F1 2022 Is Out With Beautiful Ray-Traced Cars And The Same Sweet Benchmark Mode

34 behind F1 2022
If you're not a hardcore racing fan, you may not have been aware that this year's F1 cars have seen significant redesigns to comply with the latest regulations for the racing class. Indeed, every team's cars look and perform quite differently this year, and that means big changes for Codemasters' latest entry in its aptly-named simulation series, F1 2022.

To be honest, your author here isn't a racing guy—but our Editor In Chief, Dave Altavilla has been playing with it for his forthcoming review of a Maingear Vybe gaming PC he has on tap. In the meantime, have a look at this Hot Lap video posted by the game's developers and admire the gorgeous ray-traced graphics:



Besides the updates to all the car models for the new real-life designs, F1 22 includes a bunch of other new and updated content. Miami International Autodrome joins the track list, while Circuit de Barcelona, Melbourne Grand Prix, and Yas Marina Circuits all got updated to match the current real-world layouts. There's a new F1 Sprint mode, and this year's revision also adds an Immersive feature that, among other things, lets you completely control your car during Safety Car periods.

incar F1 2022

F1 22 expands on the game's features outside of the core of F1 racing simulation, too. You can customize your driver and even your living space, including casual clothing, furniture, lighting, and a personal vehicle. You can also take these supercars onto the tracks in a special "Pirelli Hot Laps" mode.

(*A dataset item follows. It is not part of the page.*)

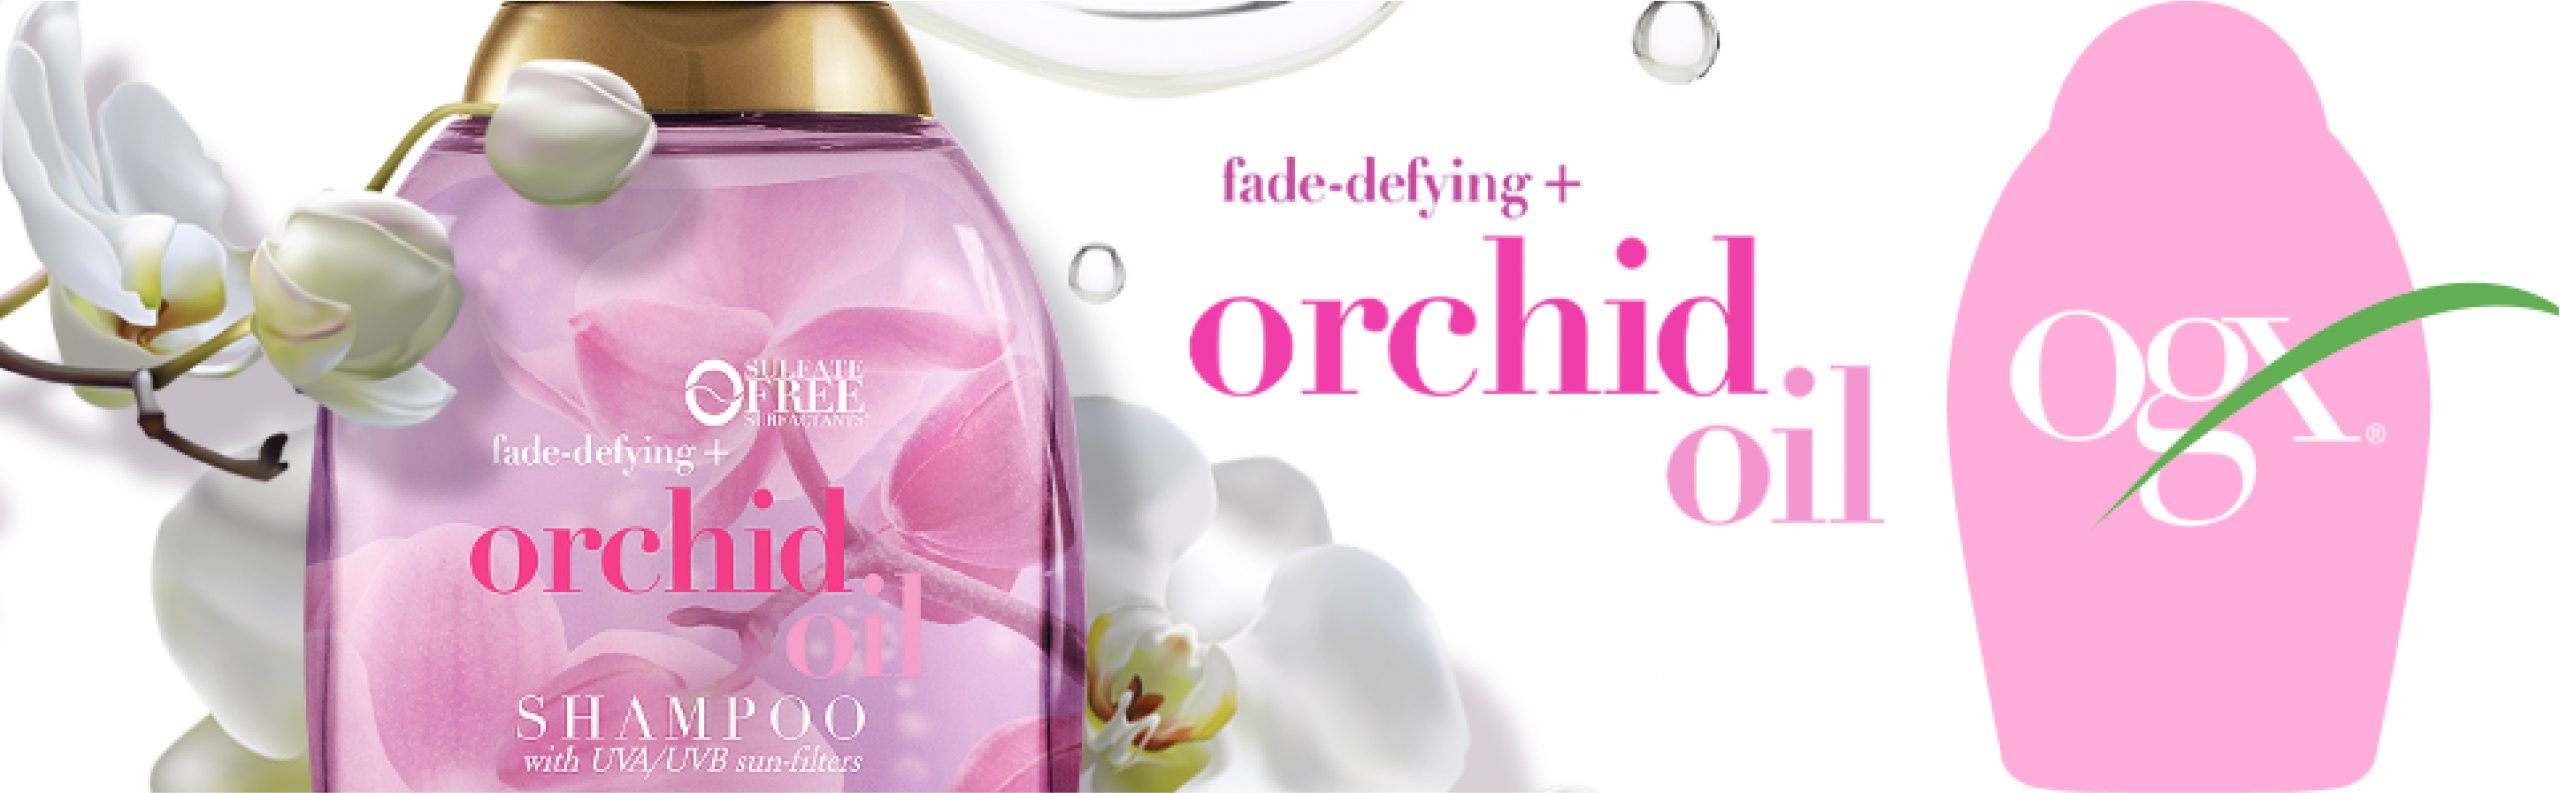 Orchid oil

What hasn't changed much from the last generation is the performance. F1 21 is beloved as a system performance test because it works GPU pretty well and also utilizes some of the latest visual effects like ray tracing, but can still produce high framerates that can also be suitable for smoothness/frame pacing and CPU testing. You can see a benchmark of the previous game on a powerful Maingear Vybe gaming PC here:

Maingear Vybe F1 2021 benchmarks

F1 22 continues the tradition, so here's a preview of Dave's upcoming review that employs the new racing sim for his gaming system benchmarks:

F1 2022 Maingear Vybe Benchmarks

Most of the performance difference can be chalked up to the higher-detail cars and environments as well as a few improved ray-traced effects. Indeed, the ray-tracing puts the hurt on our test system's Radeon RX 6950 XT, which skirts the border of playability in native 4K. The game rather proudly supports NVIDIA's DLSS; hopefully someone can convince Codemasters to drop in AMD's FSR 2.0 upscaling as well—supposedly, it only takes 5 minutes.

You can grab F1 2022 on Steam for the usual $60.